Monday, May 9, 2011

You Can Check Out Anytime You Like

When Brody calls Hooper at the beginning of Chapter Ten, he tries to picture his room at the Abelard Arms.  His imagination - like that of Dr Bill Harford - is fuelled by jealousy. However, the picture Brody's suspicious mind creates of his own possible cuckolding is no dream fantasy, but a vision of "a small dark garret, a rumpled bed, stains on the sheets, the smells of rut." This may be an accurate visual representation of the motel room where Ellen and Hooper had sex, but it surely cannot be an accurate picture of Amity's oldest and most prestigious hotel.

The Abelard Arms Inn may not be as recognisable in the popular consciousness as the Overlook Hotel, the Hotel Earle, the Hotel Del Coronado, or even the humble Bates Motel, but we learn quite a bit about this fine establishment over the pages of Benchley's novel. We are told that shark victim Morris Cater was staying there the weekend of the nineteenth and twentieth of June (Chapter 4), and when he got chewed up in the surf perhaps it was Matt Hooper who took his vacant room. We know that meals are included in the price of the room (Chapter 10) and it's unlikely that butterfly lamb or gazpacho are on the menu. We also learn that the inn has been run as a family business for three generations (Chapter 9) and, given that the current owner is "a frail old man" called Ned Thatcher, is soon likely to pass into the hands of a new proprietor. We are told by the night clerk that Hooper is staying in Room 405 and so we can suppose that the Abelard is of a reasonable size.We even know the hotel's telephone number of four descending figures (six-five-four-three) that Ellen Brody has committed to memory.

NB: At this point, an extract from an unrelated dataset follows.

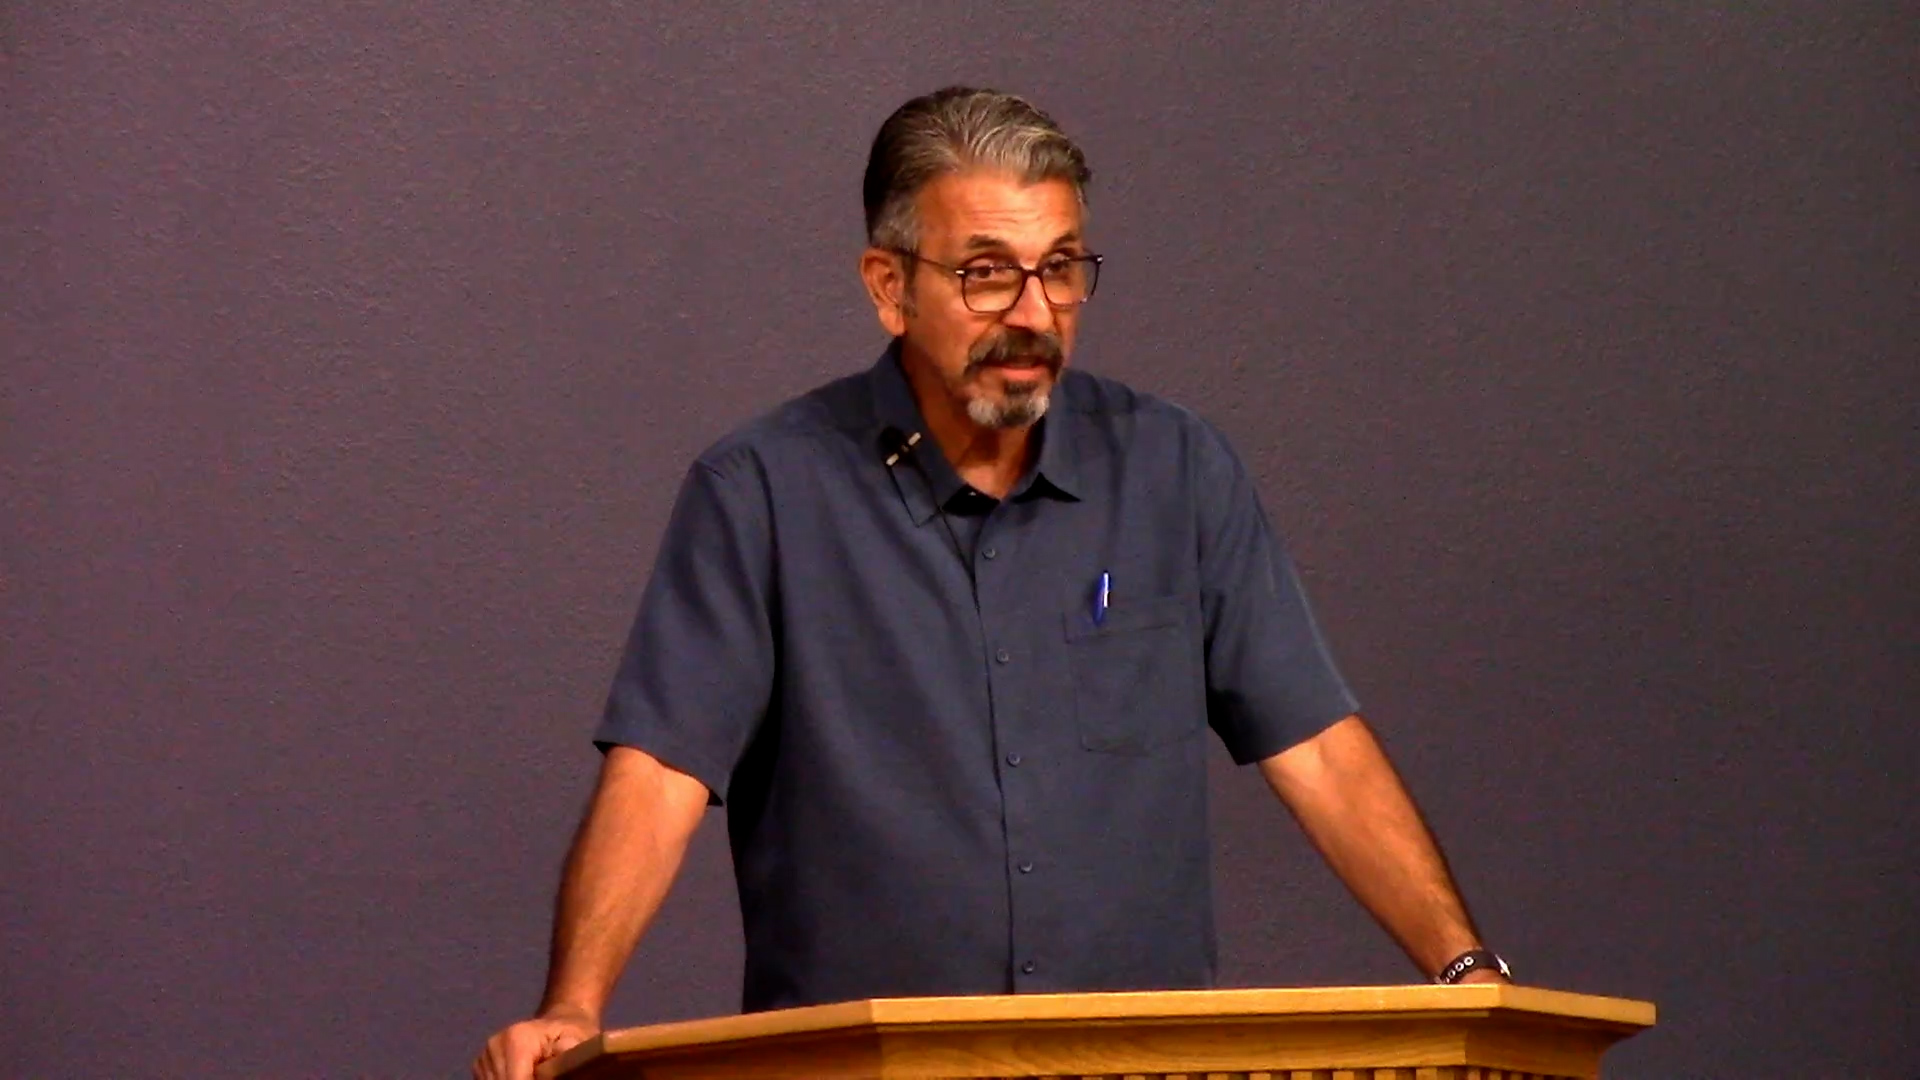 Rick Dominguez teaching 2 Samuel 11:1-5, Riding High In April And Shot Down In May

All this we can glean from the text, but there is one piece of information that is never stated. Was Benchley's choice of name for the hotel just a random selection, or was he attempting some sly symbolism when he named it after the medieval French scholar Peter Abelard? Are we supposed to see some echo of Ellen and Hooper's doomed love affair in the tragic story of Abelard and Heloise?